How can I NOT be grateful to have this little boy in my life? After struggling to get pregnant for over 5 years, imagine my shock when I took the home pregnancy test and found out that I really WAS pregnant. At first, I quietly told Steve that he shouldn't get his hopes up, but that there were two lines. We both just smiled and thought about how amazing it was that we had gotten what we'd prayed for. (And then I spent the whole next week in prayer, THANKING Heavenly Father for blessing me.)
Jake truly brings joy into our home. I find myself constantly laughing at the little things he does. Like yesterday, he would take the empty trick-or-treat bucket, flip it upside-down and push it down on his head, rock on his rocking toy while "reading" a flyer we got in the mail. I just laughed at the visual, because I knew if I'd gone to get the camera to capture it, he'd stop.
He is so much fun to watch interact with my Cameron too. I don't know how they still get along with each other after they drive one another SO nuts. But whenever Jake sees Cameron after he's been gone to school there is much rejoicing. Both boys laugh and play for a few minutes before the arguing and bossiness comes out. Those few minutes of happiness and joy make me SO grateful to have this little boy. (Not that I don't love having him the rest of the time, but those few minutes are the times when I feel the blessing of having two children the easiest.)

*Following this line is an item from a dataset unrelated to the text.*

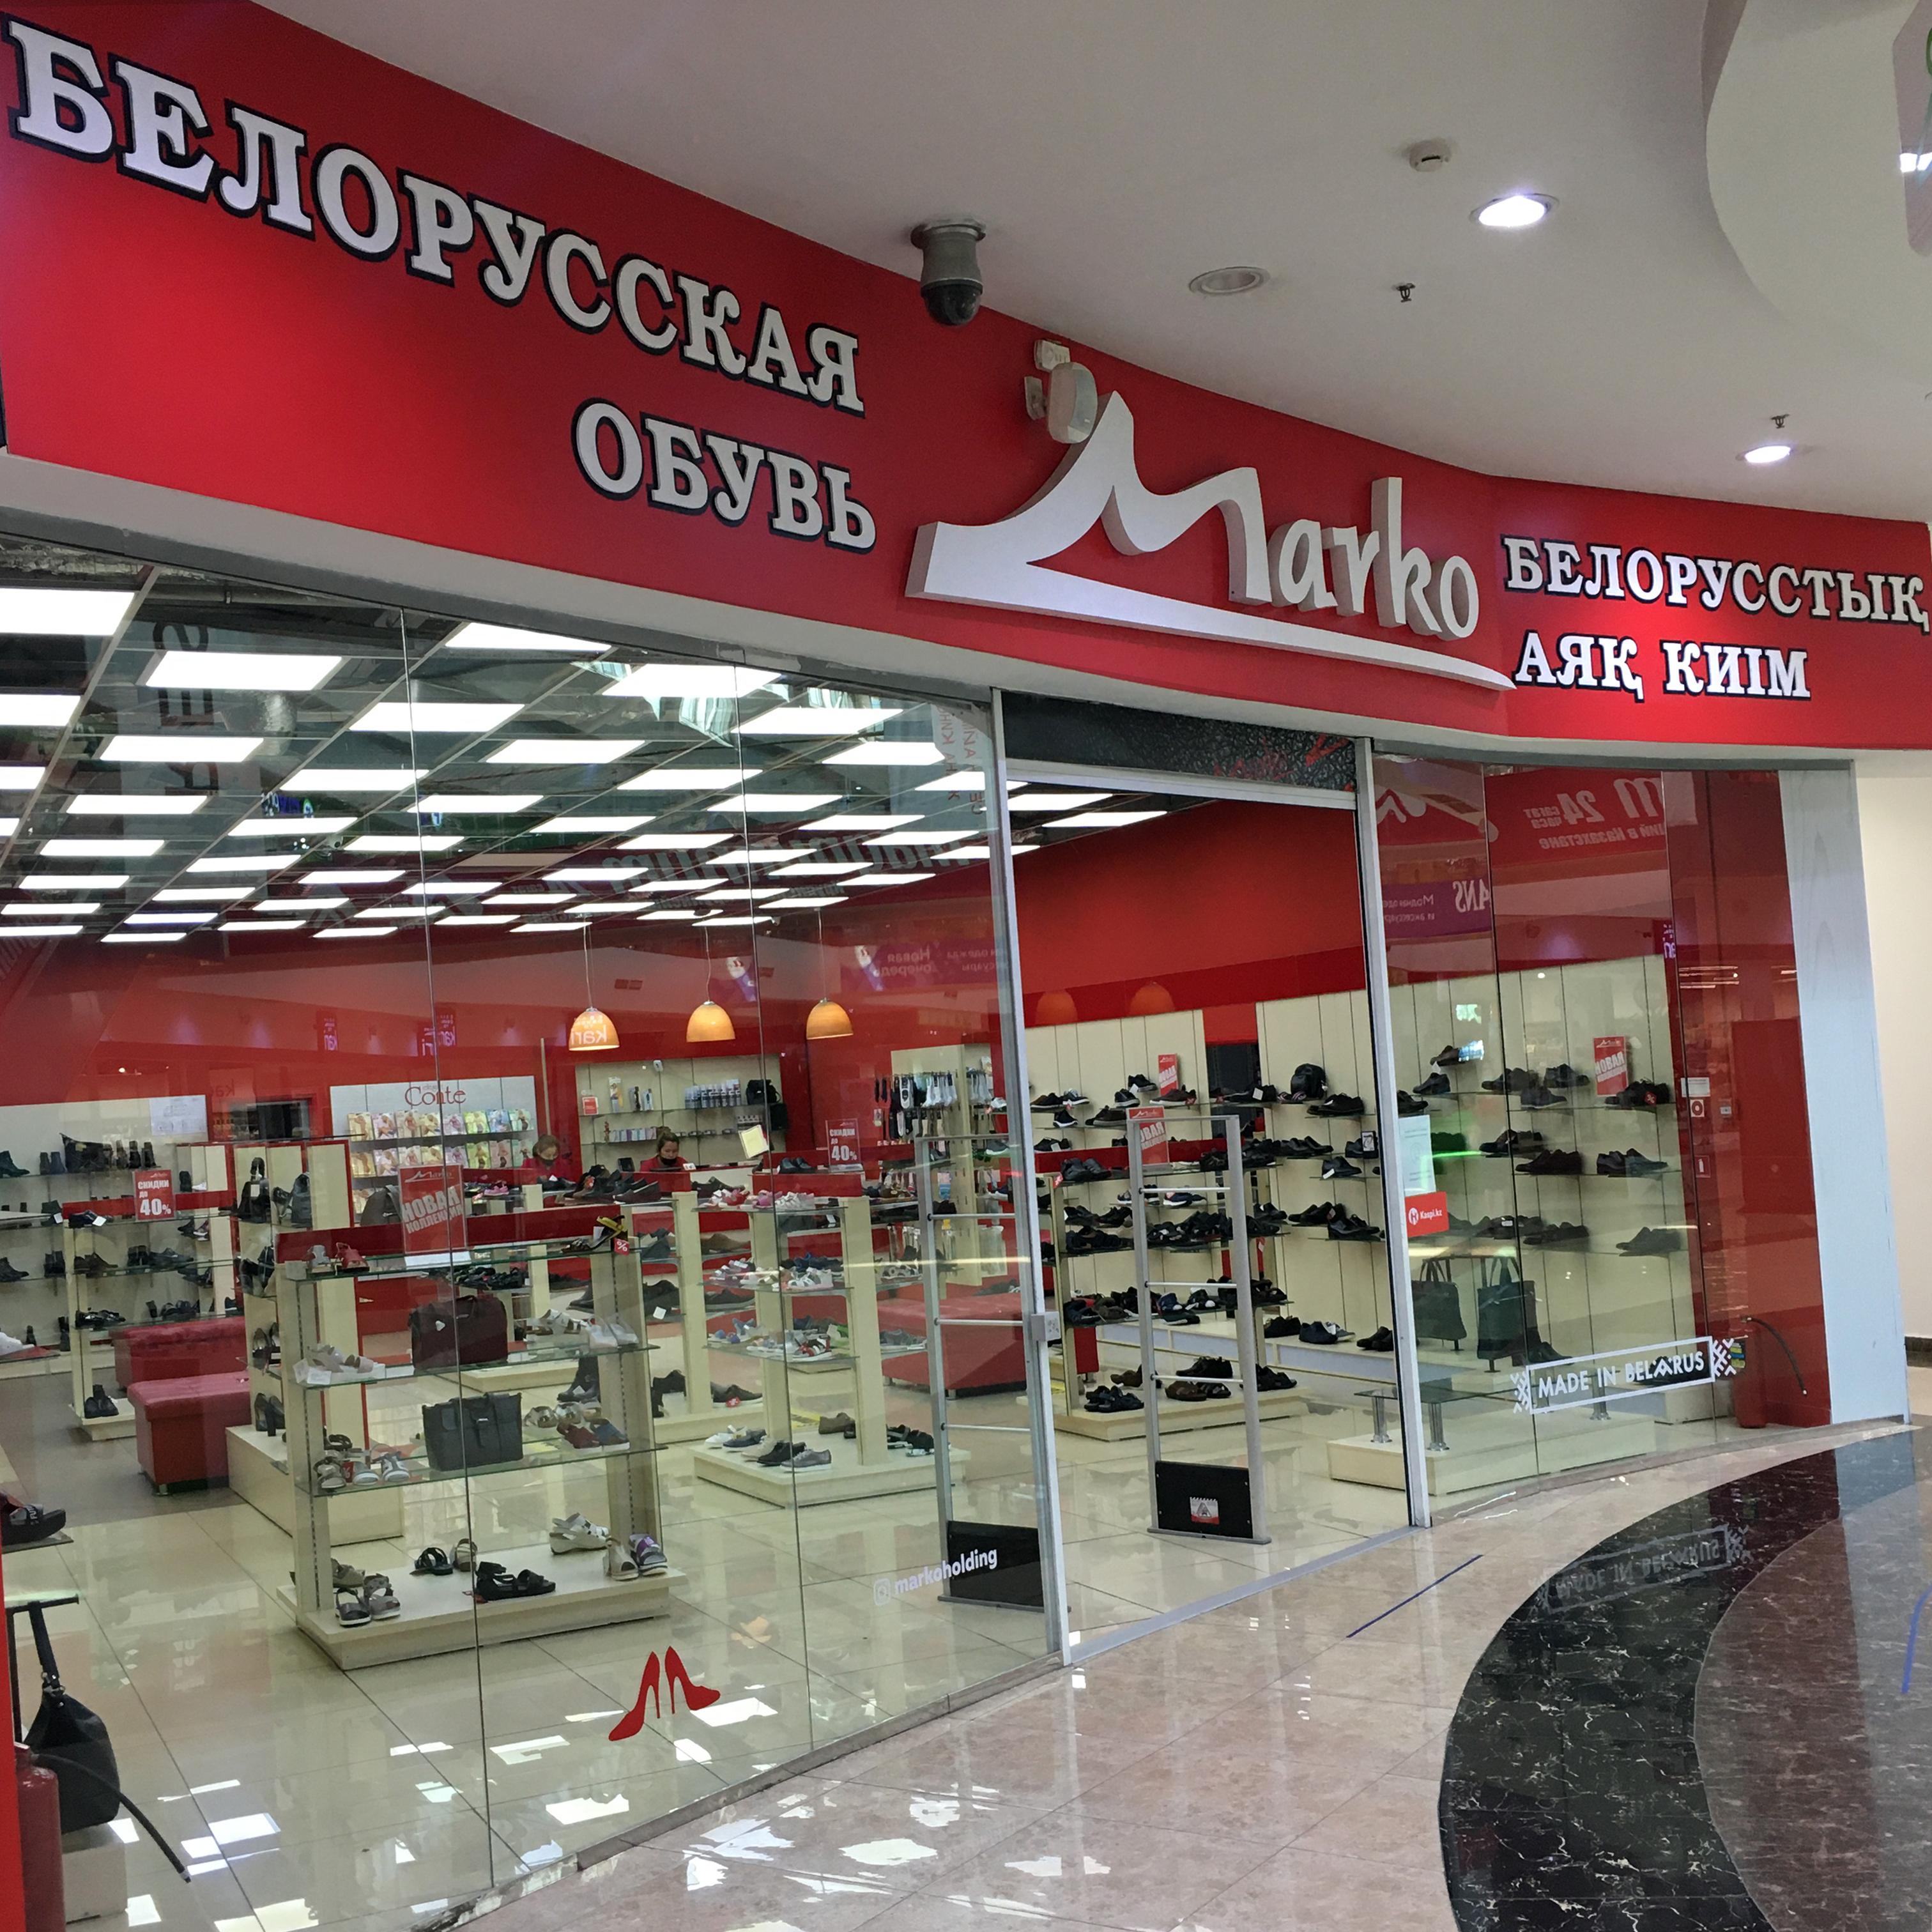 Марко - белорусский бренд, один из самых крупных производителей обуви

It wasn't until I had Jacob that I truly understood how DIFFERENT Cameron was. Jake says SO much, even though most of it is hard to understand. He really understands US, and is such an obedient child. I love the fact that he picks up at LEAST a word a day. I love trying to figure out his little vocabulary.
Jake is a funny child, who knows it. He spends his days trying to make us laugh, and then feeling pride in his own little sense of accomplishment. He loves us all unconditionally, and we love him SO much. I am so lucky to have these little boys in my life!